**EXERCISE:**
Restate word for word the lines that begin the listing and end with the line holding "Fotografija prikazuje modele".
++++ DATA FOR REVIEW
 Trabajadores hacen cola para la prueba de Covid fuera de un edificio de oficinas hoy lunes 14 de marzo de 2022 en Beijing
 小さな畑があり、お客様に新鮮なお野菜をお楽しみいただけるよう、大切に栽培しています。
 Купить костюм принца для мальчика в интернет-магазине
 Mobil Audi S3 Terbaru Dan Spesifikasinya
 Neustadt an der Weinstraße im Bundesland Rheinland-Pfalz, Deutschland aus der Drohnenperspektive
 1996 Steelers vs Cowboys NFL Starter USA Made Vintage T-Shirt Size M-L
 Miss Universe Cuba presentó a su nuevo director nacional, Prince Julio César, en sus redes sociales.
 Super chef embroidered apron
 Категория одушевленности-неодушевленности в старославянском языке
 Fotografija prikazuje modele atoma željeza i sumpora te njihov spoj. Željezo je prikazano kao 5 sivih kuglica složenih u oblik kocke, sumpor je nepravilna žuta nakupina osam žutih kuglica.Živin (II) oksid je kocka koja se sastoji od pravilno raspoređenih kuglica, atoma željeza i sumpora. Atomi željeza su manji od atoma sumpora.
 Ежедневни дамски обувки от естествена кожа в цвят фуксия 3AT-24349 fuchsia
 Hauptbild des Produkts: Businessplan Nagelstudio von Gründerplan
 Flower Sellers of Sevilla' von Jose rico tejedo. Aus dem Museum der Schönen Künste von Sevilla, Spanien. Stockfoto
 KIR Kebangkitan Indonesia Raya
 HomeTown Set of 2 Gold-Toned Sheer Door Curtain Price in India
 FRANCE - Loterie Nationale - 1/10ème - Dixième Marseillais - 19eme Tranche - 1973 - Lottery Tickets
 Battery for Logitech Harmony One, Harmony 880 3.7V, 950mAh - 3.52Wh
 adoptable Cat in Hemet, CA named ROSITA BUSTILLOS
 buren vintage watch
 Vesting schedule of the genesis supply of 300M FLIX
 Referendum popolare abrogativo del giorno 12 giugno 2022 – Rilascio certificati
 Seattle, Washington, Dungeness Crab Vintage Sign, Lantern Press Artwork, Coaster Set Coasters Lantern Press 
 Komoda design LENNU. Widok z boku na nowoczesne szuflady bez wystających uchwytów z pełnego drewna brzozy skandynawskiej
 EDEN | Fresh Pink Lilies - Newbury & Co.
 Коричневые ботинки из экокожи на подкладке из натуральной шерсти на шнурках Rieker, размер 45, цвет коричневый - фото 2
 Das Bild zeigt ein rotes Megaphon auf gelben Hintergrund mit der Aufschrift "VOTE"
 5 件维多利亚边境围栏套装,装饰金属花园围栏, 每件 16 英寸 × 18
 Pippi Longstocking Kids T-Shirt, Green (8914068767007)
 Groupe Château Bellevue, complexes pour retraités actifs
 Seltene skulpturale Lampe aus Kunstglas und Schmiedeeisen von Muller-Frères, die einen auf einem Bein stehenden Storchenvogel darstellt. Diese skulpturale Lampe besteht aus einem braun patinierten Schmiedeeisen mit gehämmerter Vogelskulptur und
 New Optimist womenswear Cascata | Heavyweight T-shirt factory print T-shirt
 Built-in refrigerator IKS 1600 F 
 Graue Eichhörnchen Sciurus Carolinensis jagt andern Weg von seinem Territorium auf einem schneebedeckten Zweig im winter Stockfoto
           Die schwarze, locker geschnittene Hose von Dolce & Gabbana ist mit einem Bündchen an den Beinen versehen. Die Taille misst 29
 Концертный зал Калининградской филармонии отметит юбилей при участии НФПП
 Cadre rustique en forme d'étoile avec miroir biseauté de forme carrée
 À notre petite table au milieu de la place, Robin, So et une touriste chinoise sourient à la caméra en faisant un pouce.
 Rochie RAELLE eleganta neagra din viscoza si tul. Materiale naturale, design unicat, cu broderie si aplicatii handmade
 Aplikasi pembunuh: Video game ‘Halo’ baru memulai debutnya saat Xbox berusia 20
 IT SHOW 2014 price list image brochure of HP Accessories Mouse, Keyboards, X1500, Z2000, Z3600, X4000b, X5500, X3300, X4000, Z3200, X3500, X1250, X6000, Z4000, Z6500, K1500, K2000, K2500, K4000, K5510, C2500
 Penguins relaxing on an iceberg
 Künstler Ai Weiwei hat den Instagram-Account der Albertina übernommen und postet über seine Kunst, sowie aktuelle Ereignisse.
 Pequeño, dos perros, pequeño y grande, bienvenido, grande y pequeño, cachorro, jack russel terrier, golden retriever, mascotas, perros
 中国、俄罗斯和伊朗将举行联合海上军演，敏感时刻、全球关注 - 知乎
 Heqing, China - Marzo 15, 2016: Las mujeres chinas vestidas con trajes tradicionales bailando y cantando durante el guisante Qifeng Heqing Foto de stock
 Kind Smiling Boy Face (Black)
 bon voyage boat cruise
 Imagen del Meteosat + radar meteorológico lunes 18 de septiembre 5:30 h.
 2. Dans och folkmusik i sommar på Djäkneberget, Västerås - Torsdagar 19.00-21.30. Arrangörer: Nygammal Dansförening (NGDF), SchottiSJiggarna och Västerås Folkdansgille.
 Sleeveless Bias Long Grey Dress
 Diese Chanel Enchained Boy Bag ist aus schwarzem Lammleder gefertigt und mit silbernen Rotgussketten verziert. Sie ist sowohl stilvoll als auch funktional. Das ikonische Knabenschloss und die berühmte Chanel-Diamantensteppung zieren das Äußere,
++++++++
**EXERCISE OUTPUT:**
 Trabajadores hacen cola para la prueba de Covid fuera de un edificio de oficinas hoy lunes 14 de marzo de 2022 en Beijing
 小さな畑があり、お客様に新鮮なお野菜をお楽しみいただけるよう、大切に栽培しています。
 Купить костюм принца для мальчика в интернет-магазине
 Mobil Audi S3 Terbaru Dan Spesifikasinya
 Neustadt an der Weinstraße im Bundesland Rheinland-Pfalz, Deutschland aus der Drohnenperspektive
 1996 Steelers vs Cowboys NFL Starter USA Made Vintage T-Shirt Size M-L
 Miss Universe Cuba presentó a su nuevo director nacional, Prince Julio César, en sus redes sociales.
 Super chef embroidered apron
 Категория одушевленности-неодушевленности в старославянском языке
 Fotografija prikazuje modele atoma željeza i sumpora te njihov spoj. Željezo je prikazano kao 5 sivih kuglica složenih u oblik kocke, sumpor je nepravilna žuta nakupina osam žutih kuglica.Živin (II) oksid je kocka koja se sastoji od pravilno raspoređenih kuglica, atoma željeza i sumpora. Atomi željeza su manji od atoma sumpora.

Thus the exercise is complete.